Ok, I will tell you another property.....

\(\displaystyle \Large {\rm w}^\color{red}{\rm \LARGE a}\times{\rm w}^\color{blue}{\rm \LARGE b}={\rm w}^{\color{red}{\rm \LARGE a}+\color{blue}{\rm \LARGE b}}\)

Answer 7

this property, can be applied to the terms with an x.
lets do a little replacement, just to visualize it better:

\(\LARGE\color{black}{ \displaystyle \large \left(x^{-2}~\cdot~y^{-4}~\cdot~x^3\right)^{-2} }\)

\(\LARGE\color{black}{ \displaystyle \large \left(x^{-2}~\cdot~x^3~\cdot~y^{-4}\right)^{-2} }\)

Answer 8

so, you can apply the property I told you just now to the first 2 terms in this expression.

Answer 9

Back Okay.

Answer 10

ok, take your time to read, and apply the property i have provided...

Answer 11

So we don't change the terms into positive exponents?

Answer 12

we will do that later, but for now we just want to simplify inside the parenthesis (using this new property i told you).....

Answer 13

\(\LARGE\color{black}{ \displaystyle \large \left(x^{-2}~\cdot~x^3~\cdot~y^{-4}\right)^{-2} }\)

(this is your expression - the order of how you multiply doesn't matter)

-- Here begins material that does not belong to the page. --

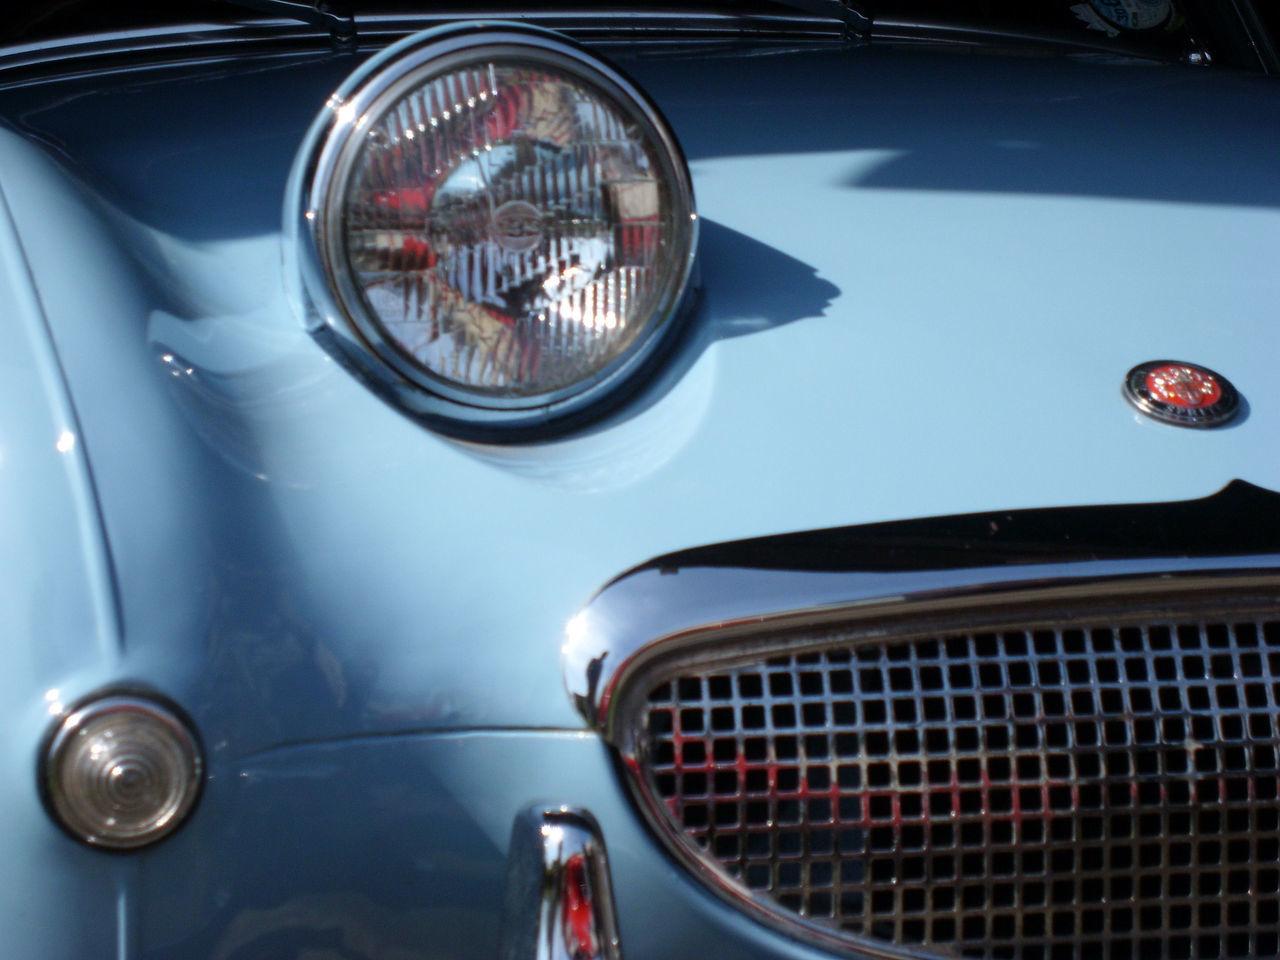 Austin Healey Blue Car Blue Sports Car Bonnet Chrome Chrome Grill Frog Eyed Frogeyed Sprite Headlight Radiator Grill Sky Blue Sprite Vintage Car Vintage Sports Car 1960's Blue Wave

----------------------------------------------------
Knowing that:
\(\displaystyle \Large {\rm w}^\color{red}{\rm \LARGE a}\times{\rm w}^\color{blue}{\rm \LARGE b}={\rm w}^{\color{red}{\rm \LARGE a}+\color{blue}{\rm \LARGE b}}\)

then,
\(\displaystyle \Large {\rm x}^\color{red}{\rm \LARGE -2}\times{\rm w}^\color{blue}{\rm \LARGE 3}={\rm x}^{?}\)

Answer 14

By the bases being different i can't add them together right. so i guess x would be still x^-2

Answer 15

you can apply it to the " x\(^{-2}\) • x\(^3\) " part (where the base is same, the base is x)

Answer 16

we would just have x^1 which we don't count so we just have x.

Answer 17

Sorry thought i already enter it forgot i had to click on post. >~< @SolomonZelman

Answer 18

yes, x^1 is correct.

Answer 19

And x^1 is the same exact thing as x

(besides the fact that you waste extra space and time when writing ^1 there)

Answer 20

we had:
\(\LARGE\color{black}{ \displaystyle \large \left(x^{-2}~\cdot~x^3~\cdot~y^{-4}\right)^{-2} }\)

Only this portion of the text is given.